*** Opening Provided records ***

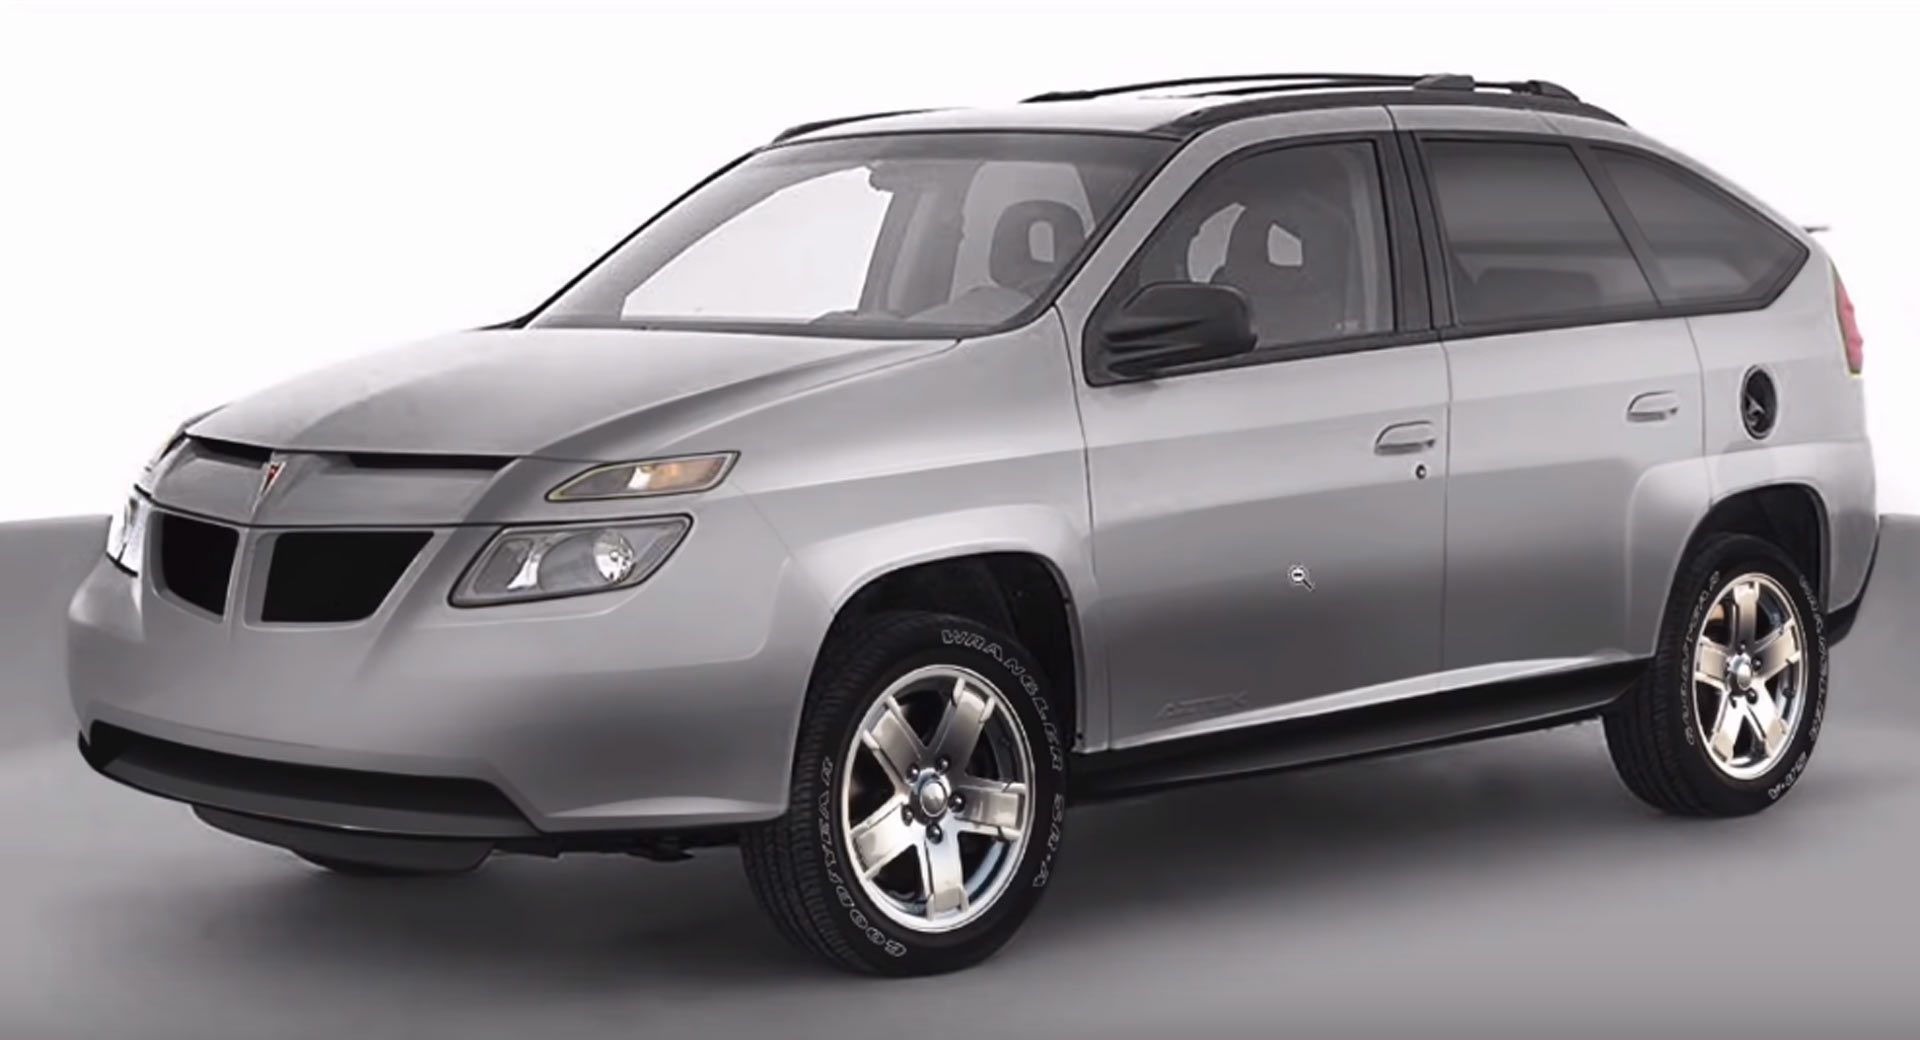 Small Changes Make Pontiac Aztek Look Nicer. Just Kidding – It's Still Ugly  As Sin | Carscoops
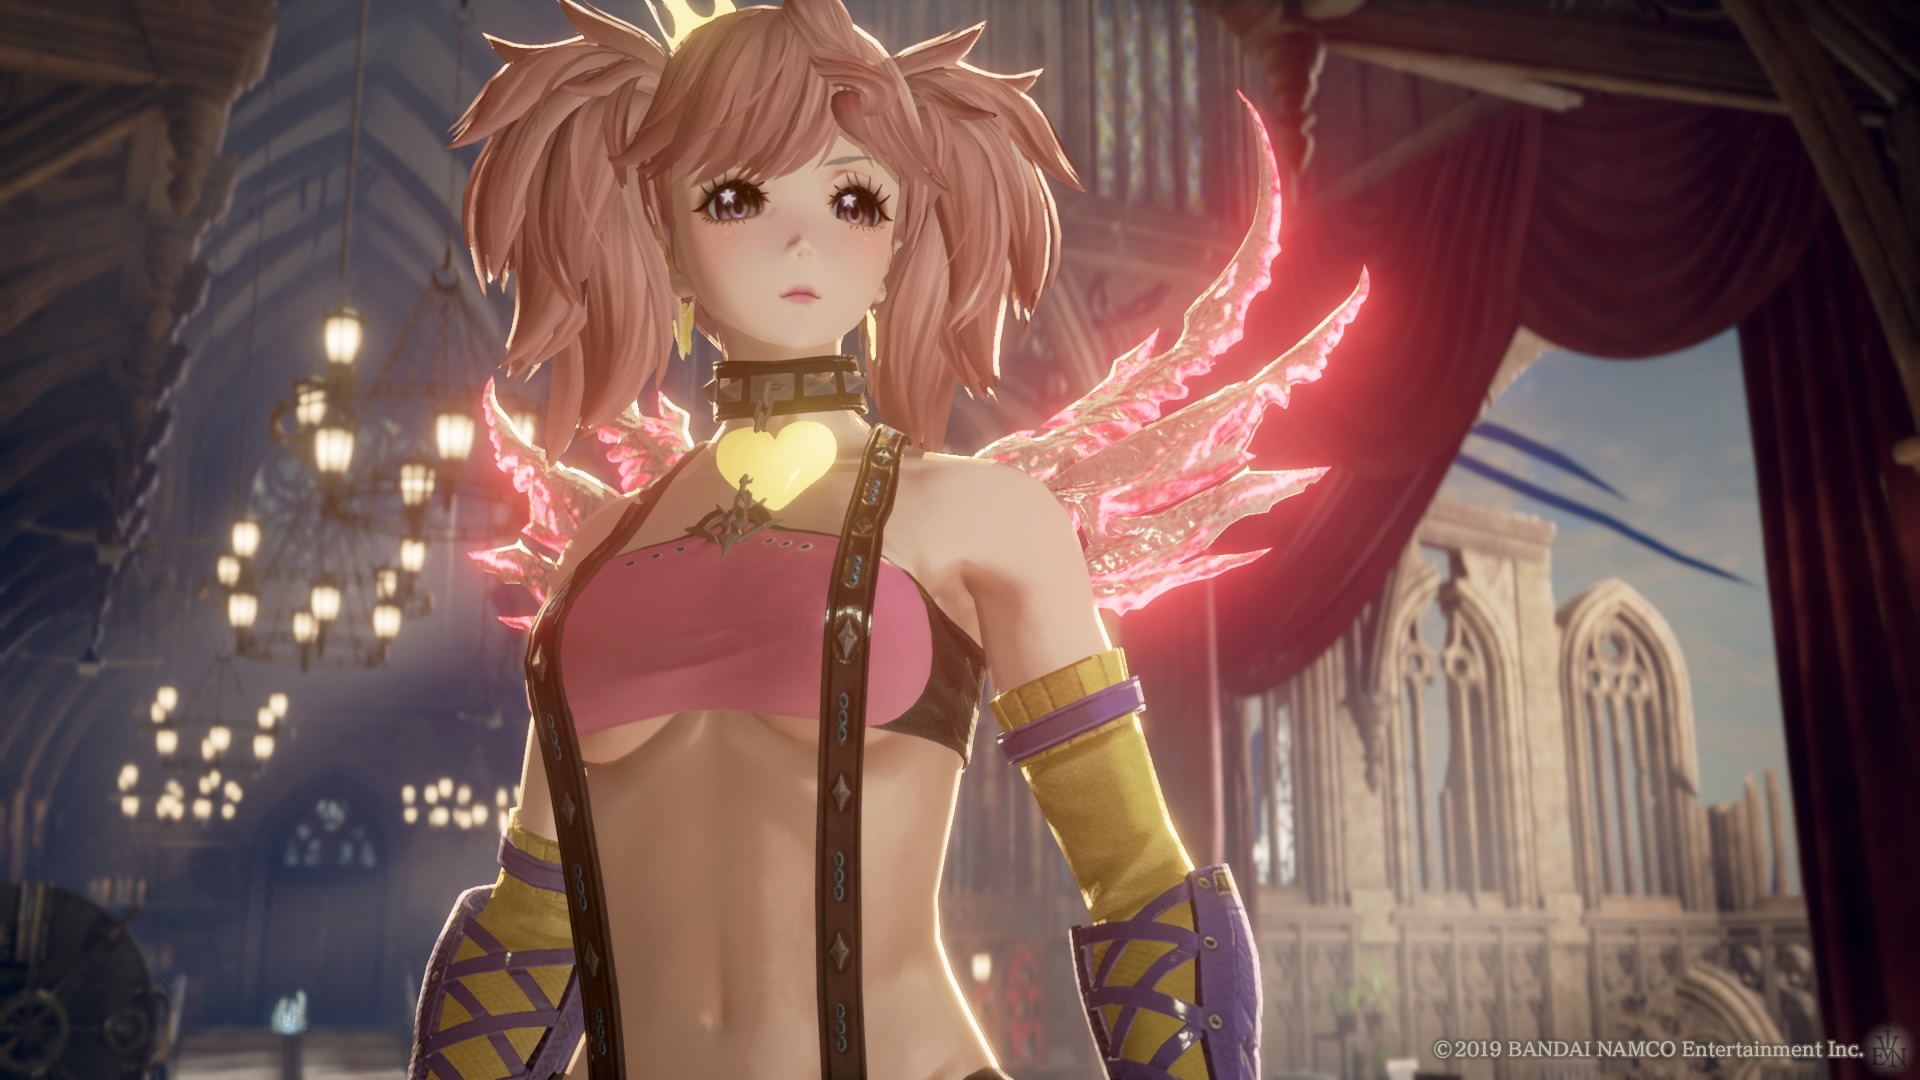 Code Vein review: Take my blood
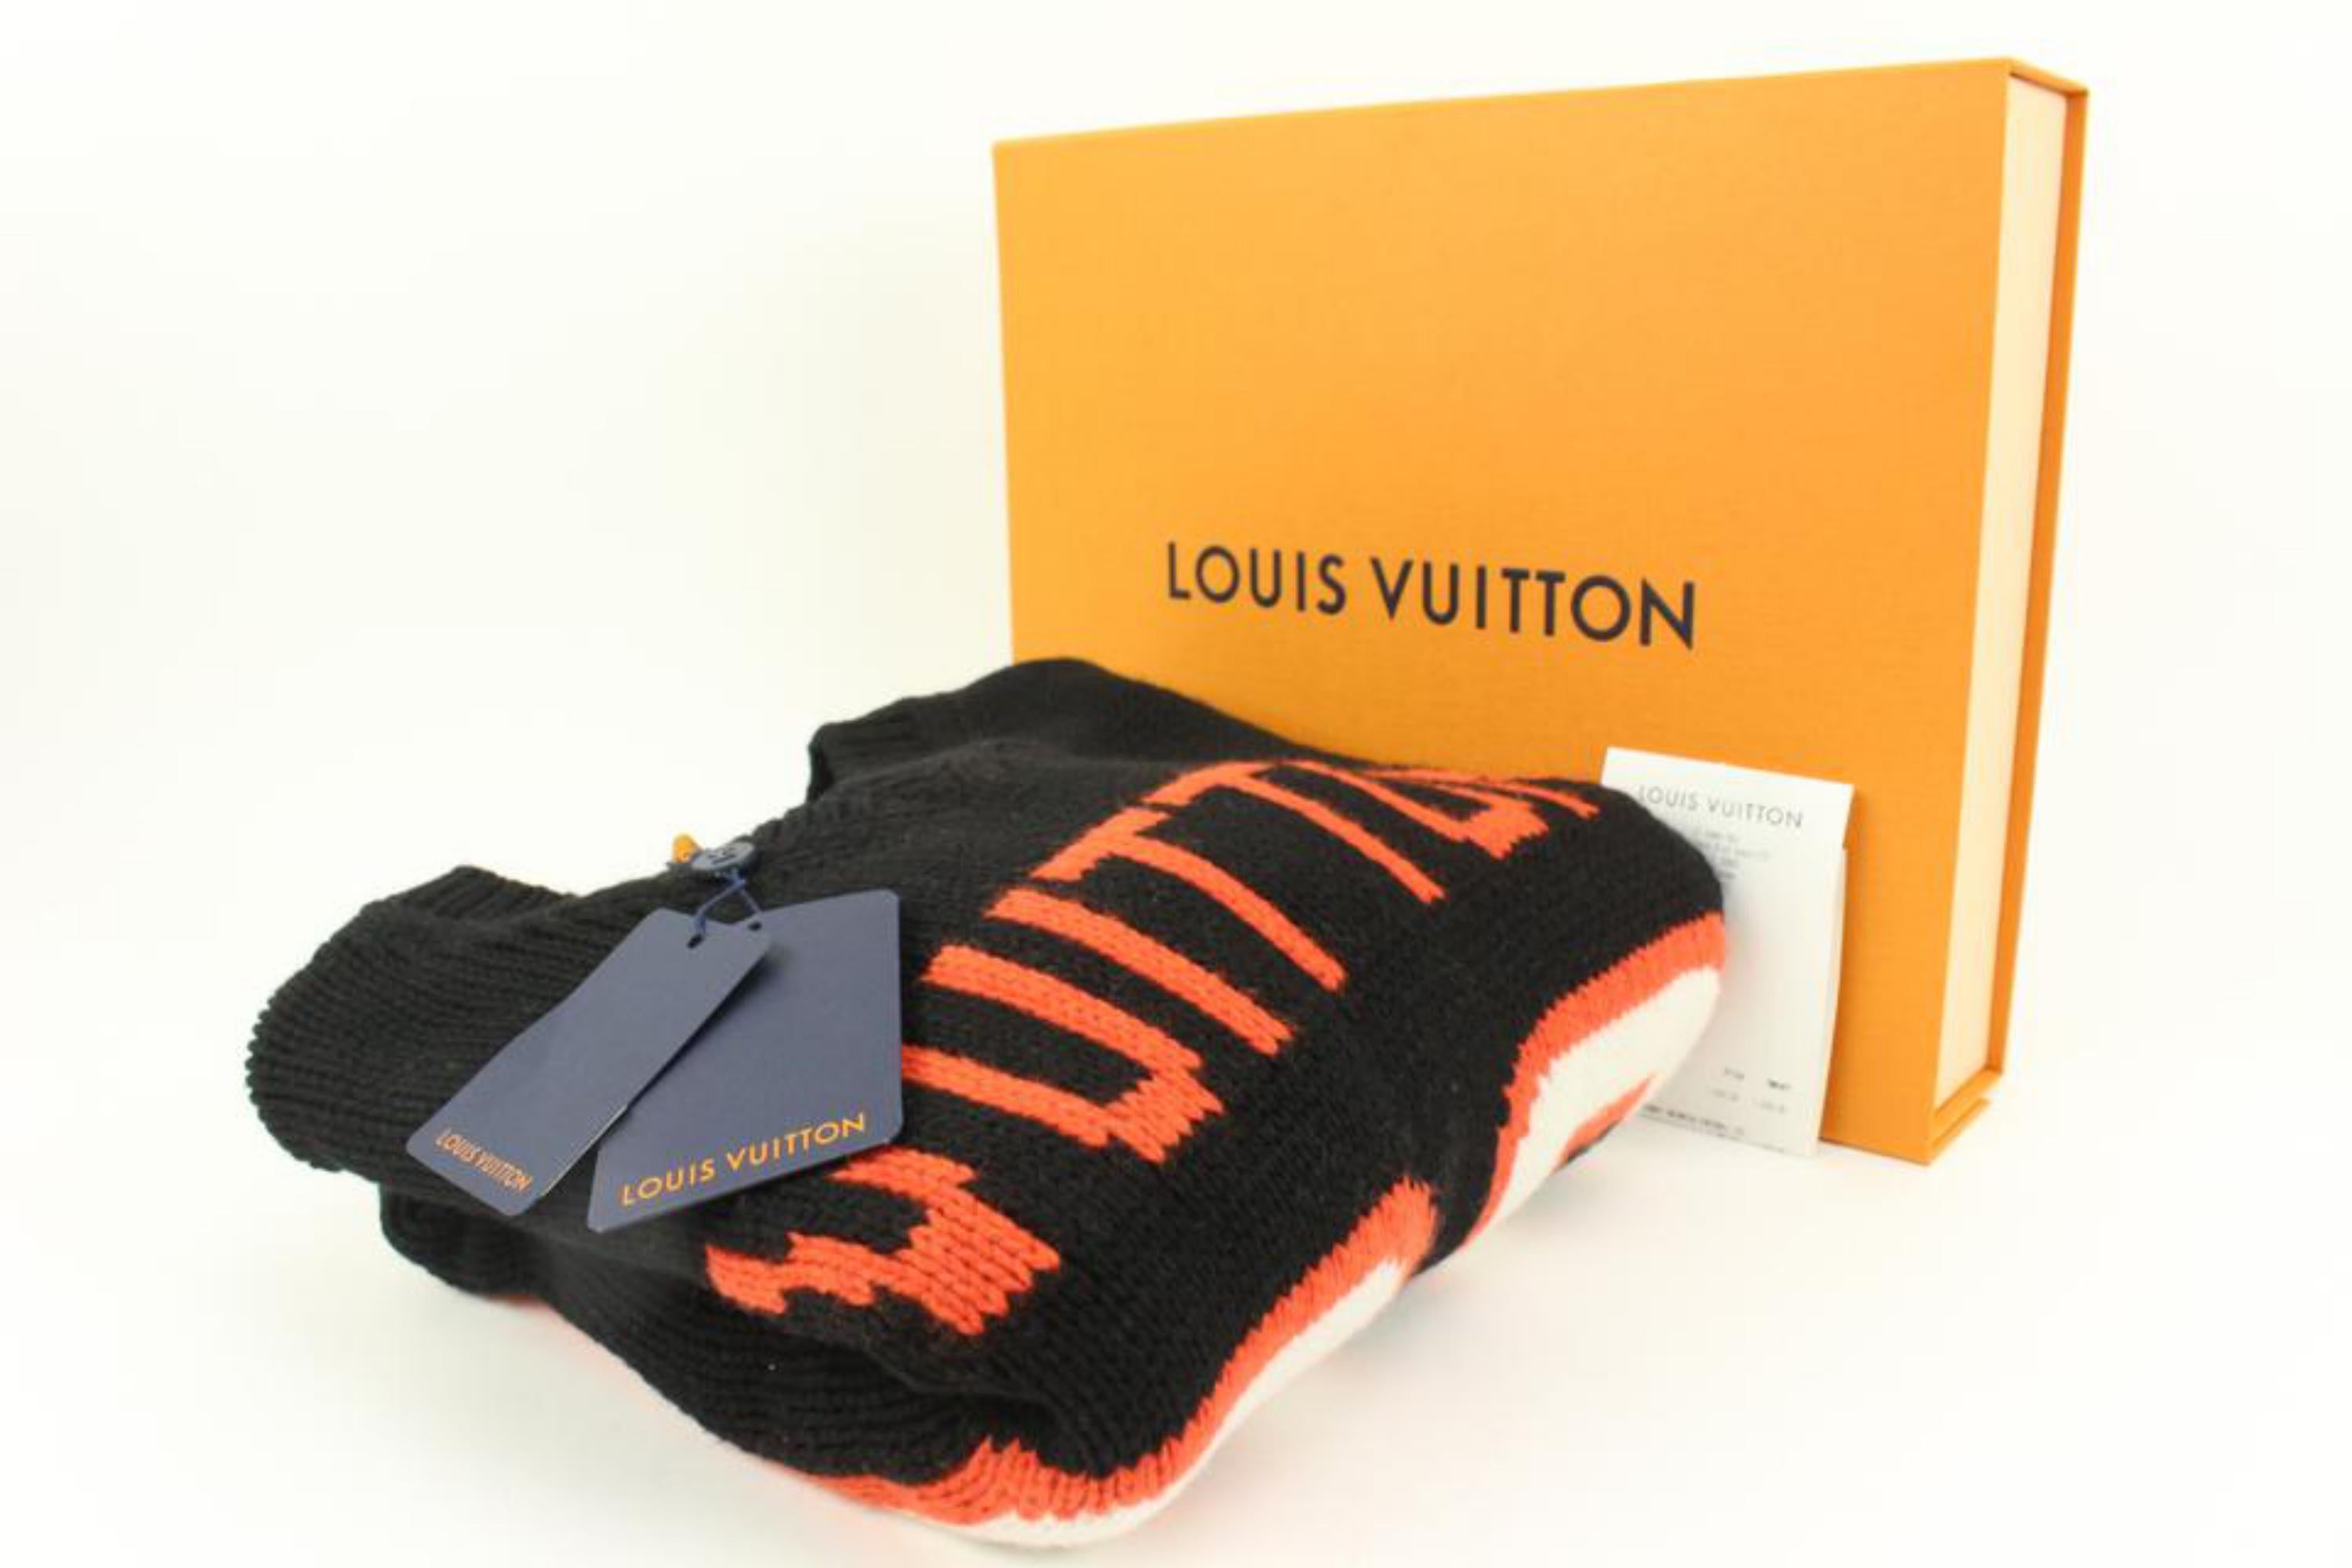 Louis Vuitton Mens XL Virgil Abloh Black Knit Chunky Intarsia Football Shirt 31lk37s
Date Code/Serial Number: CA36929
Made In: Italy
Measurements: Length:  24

*** Closing Provided records ***

> [What you are asked to do]: Would it be possible to copy the material exactly, excluding the images?

> [Task result]:
 Small Changes Make Pontiac Aztek Look Nicer. Just Kidding – It's Still Ugly  As Sin | Carscoops
 Code Vein review: Take my blood
 Louis Vuitton Mens XL Virgil Abloh Black Knit Chunky Intarsia Football Shirt 31lk37s
Date Code/Serial Number: CA36929
Made In: Italy
Measurements: Length:  24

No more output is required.